1. Não sei como foram as experiências de Nietzsche no ambiente de sua casa paterna. Faltam-me as leituras a respeito. Porém, arrisco um palpite. Lá deve ter predominado uma ética protestante ou evangélica rígida. As cenas que me vem à mente são algumas do filme A festa de Babete, que retrata aquele rigorismo protestante, luterano, legalista, piedoso, evangélico, no qual a alegria, a espontaneidade, o espírito alegre em torno de uma boa comida e uma boa bebida não tinham lugar. O zelo, o trabalho, a coerência e a honestidade eram valores ‘em alta’.
2. Desse ambiente, assim ouso arriscar, brota a insistência e a ênfase de Nietzsche na coerência e a honestidade. Por isso, assim imagino, dando a mão à palmatória do melhor juízo, que ele insiste tanto no tema da mentira. A mim me parece que esse valor vem primeiramente de suas raízes pietistas. Depois, claro, foi reforçado pela crítica dura e necessária trazida na esteira do seu desencanto com seu próprio ambiente originário, o cristianismo de vertente luterana. Por isso leio seus textos como expressão da autenticidade de pensamento e reflexão. E aprecio esse espírito, mesmo que não comungue de muitas de suas palavras, brotadas em demasia de um aristocratismo arrogante.
3. Aprecio também muito o meu amigo Osvaldo. O seu último post é duríssimo.
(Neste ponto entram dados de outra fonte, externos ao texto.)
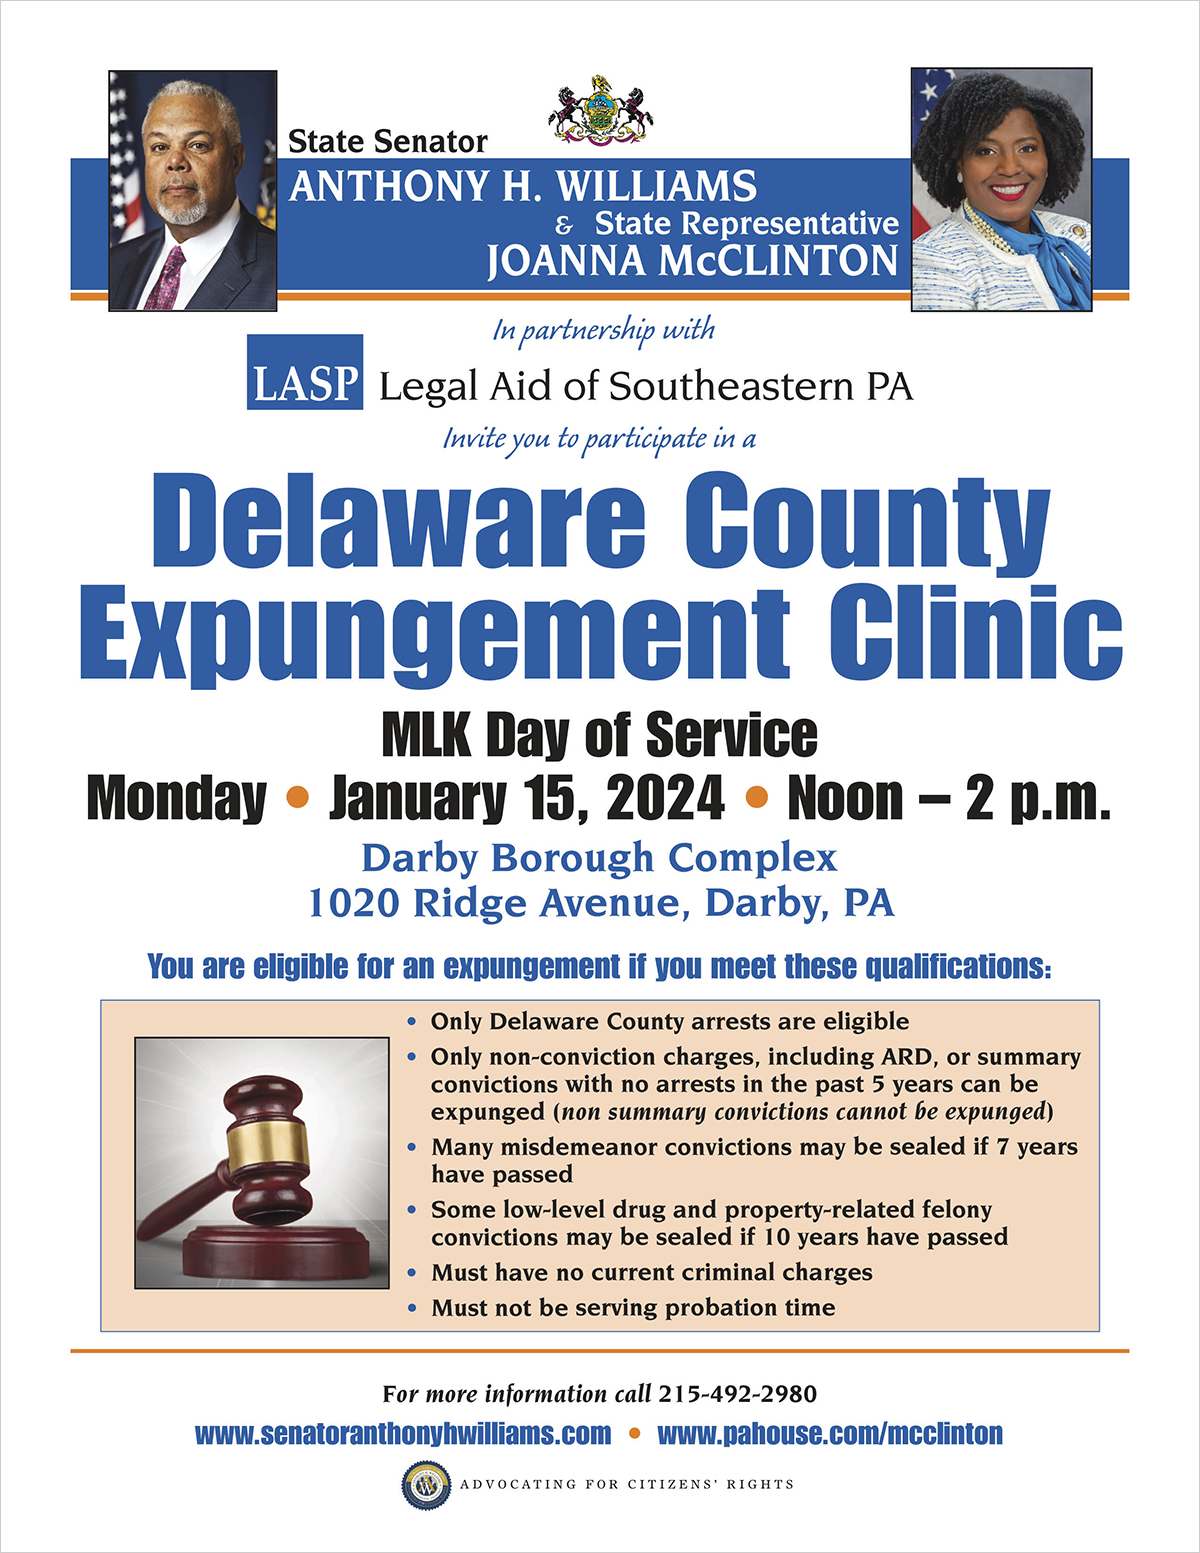 Delaware County Expungement Clinic

Há coisas muito duras para quem crê e ainda prega! Lá no post Osvaldo ressalta coerência e honestidade. Acho que ele também fala primeiramente, como Nietzsche, com o qual sinergiza, de um ambiente evangélico para dentro do qual se converteu e no qual tais valores estavam em alta. Zelo e fundamento também estavam presentes e estão presentes nos seus textos.
4. Há um trecho do post que me chamou especial atenção: “diante do espelho, só há você e aquele que, ali, desde seus próprios olhos o constrange. Não há outra consciência diante da qual se deve levar a sério a condição humana”. Aí, Osvaldo, assim me parece, se expressa a partir da mesma raiz da autenticidade, de coerência, de contestação e de reprovação da mentira e do engodo tão em voga. Ao fazê-lo, remete à própria consciência como o recurso e juiz último das ações humanas.
5. A temática de muitos dos posts tem sido a reflexão crítica sobre a possibilidade e o advento de uma teologia pós-metafísica. Neste sentido li com proveito o livro Aprender a viver – filosofia para os novos tempos, do francês Luc Ferry (Rio de Janeiro: Objetiva, 2007). Após um repasse muito proveitoso pelas etapas ou momentos da história da reflexão filosófica, Ferry chega, na última parte, a refletir sobre um “humanismo não metafísico” como sendo sua proposta para superveniência da transcendência e da vigência de valores 'absolutos' em época pós-desconstrucionista. Passo a citar uma passagem que destaquei na leitura:
5.1 “Há mesmo uma transcendência de valores, e é essa abertura que o humanismo não metafísico, contrariamente ao materialismo que pretende tudo explicar e tudo reduzir, quer assumir – sem aliás, nunca alcançar. Não por impotência, mas por lucidez, porque a experiência é incontestável, e nenhum materialismo consegue verdadeiramente dar conta dela.
5.2 Há, pois, transcendência.
5.3 Mas por que “na imanência”?
5.4 Simplesmente porque, desse ponto de vista, os valores não são mais impostos a nós em nome de argumentos de autoridade, nem deduzidos de alguma ficção metafísica ou teológica. Certamente descubro, não invento a verdade uma proposição matemática, tanto quanto não invento a beleza do oceano ou a legitimidade dos direitos do homem. Todavia, é em mim, e não em outro lugar, que elas se revelam. Não há mais céu das idéias metafísicas, não há mais Deus, ou, pelo menos, não sou obrigado a acreditar nele para aceitar a idéia de que me encontro diante de valores que ao mesmo tempo me ultrapassam e, contudo, não estão em nenhum outro lugar, visíveis apenas no interior da minha própria consciência” (p. 271).